2.3. Important Definitions

The time interval between the date of initiation of pirfenidone therapy and either day 28 after the last dose of pirfenidone (for those who prematurely discontinued treatment) [9,43] or 30 September 2023 (for those who continued the treatment) was considered “on-treatment”. “High dose” and “low dose” referred to 1800 mg and 1200 mg of pirfenidone per day (in divided doses; these are the dosages approved by the Taiwan Food and Drug Administration), respectively [8]. “AE-IPF” was defined using previously published working definitions and specifically excluded events with identifiable infectious or non-infectious etiologies [5]. Patients who underwent lung transplantation or died from any cause while receiving pirfenidone (or within 28 days of the last dose) were defined as having had “severe adverse outcomes” (SAO). SAO that occurred within two years after pirfenidone treatment had begun were considered as “early SAO”. Pulmonary hypertension referred to an estimated systolic pulmonary arterial pressure (based on the tricuspid regurgitation jet velocity) of ≥35 mmHg, determined via transthoracic echocardiography [43,45]. When determining the annualized (52-week) and 24 week rates of change in FVC and DLCO, we used the formulae presented in Appendix S1 of the Supplementary Materials.

2.4. Statistical Analysis

We summarized categorical data as counts and percentages and continuous variables as means (standard deviation) if normally distributed, or medians (interquartile range [IQR]) if not normally distributed. We did not impute any missing data. Variables were compared between patient groups and tested for non-random differences using Fischer’s exact test or the Mann–Whitney U test, whichever was appropriate. Serial pulmonary function measurements were longitudinally assessed using the Wilcoxon signed-rank rest. The Shoenfeld test was used to test the assumption of proportional hazards. We conducted Kaplan–Meier analysis (with the log-rank test) and Cox proportional hazards regression analysis to assess the performance of candidate predictors in predicting the risks of adverse outcomes.
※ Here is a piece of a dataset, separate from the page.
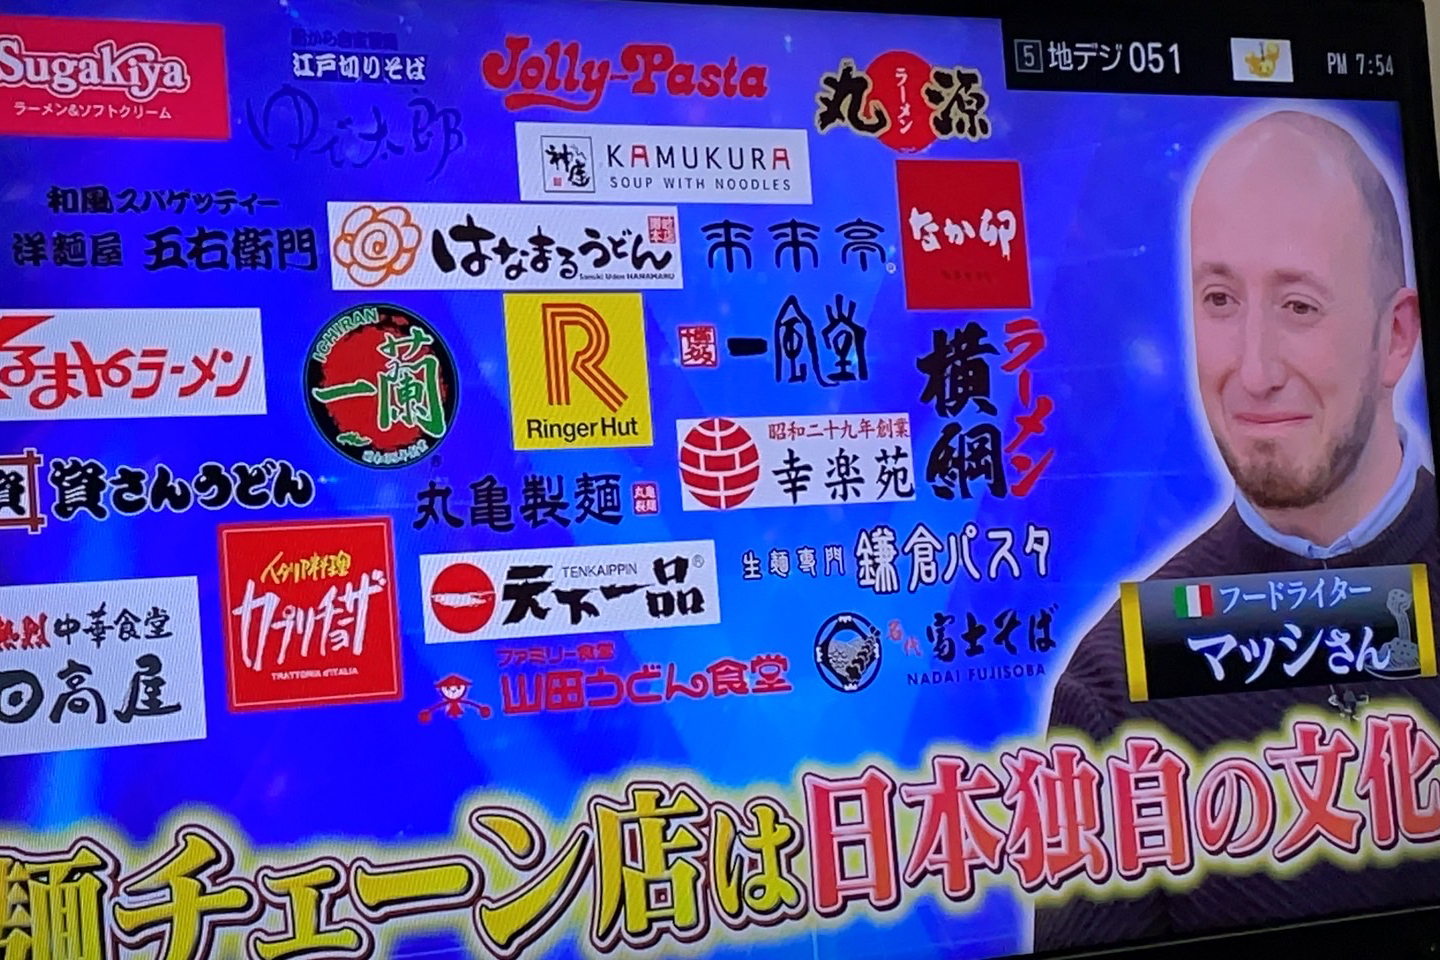 【テレビ朝日】「麺チェーン店ランキング」

For multi-variable regression analyses, in addition to the candidate predictor, we also incorporated the following theoretical potential confounders as covariables: GAP stage (as a quantified integration of age, sex, FVC, and DLCO); CCI; echocardiographic evidence of pulmonary hypertension; and smoking status. When analyzing the risk of AE-IPF, we controlled for the competing risk of on-treatment SAO by conducting the Fine–Gray subdistribution hazard regression. Sensitivity analyses were performed to assess the robustness of all the multi-variable models constructed. These analyses involved two parts. In the first part, the covariable “GAP stage” was replaced by its individual constituent variables (age, sex, FVC, and DLCO). In the second part, a hypothetical unidentified confounder of varying prevalence among the patient groups was introduced into all the multi-variable models. All statistical tests were two-tailed and p < 0.05 was considered statistically significant. Statistical analyses were performed using R (version 3.6.3) and SPSS (version 26). Graphs were drawn using MedCal (version 20.118).

3. Results

3.1. Study Population

Seventy-three patients (71 from NCKUH and two from CH) with IPF received pirfenidone treatment between 1 June 2018, and 30 September 2023. Seventy of these patients met the inclusion criteria and three (all from NCKUH) were excluded based on having a treatment duration and follow-up of < 12 weeks (Figure 1). The study cohort was male-predominant and had a mean age of 75.2 (± 9.5) years. Forty-five (64%) patients had a history of smoking and 25 (36%) had never smoked. The median duration of pirfenidone treatment was 55.9 weeks (IQR, 22.3–123.3). Thirty (43%) and 40 (57%) patients received the high- and low-dose regimens, respectively. The treatment was generally well tolerated. Reported adverse effects were mild and included pruritus (12 patients), decreased appetite (8 patients), non-postural dizziness (7 patients), nausea and vomiting (6 patients), and photosensitivity (5 patients). Unlike patients given nintedanib, drug-related hepatitis and diarrhea were not detected. Table 1 summarizes the baseline characteristics and outcomes of the study cohort.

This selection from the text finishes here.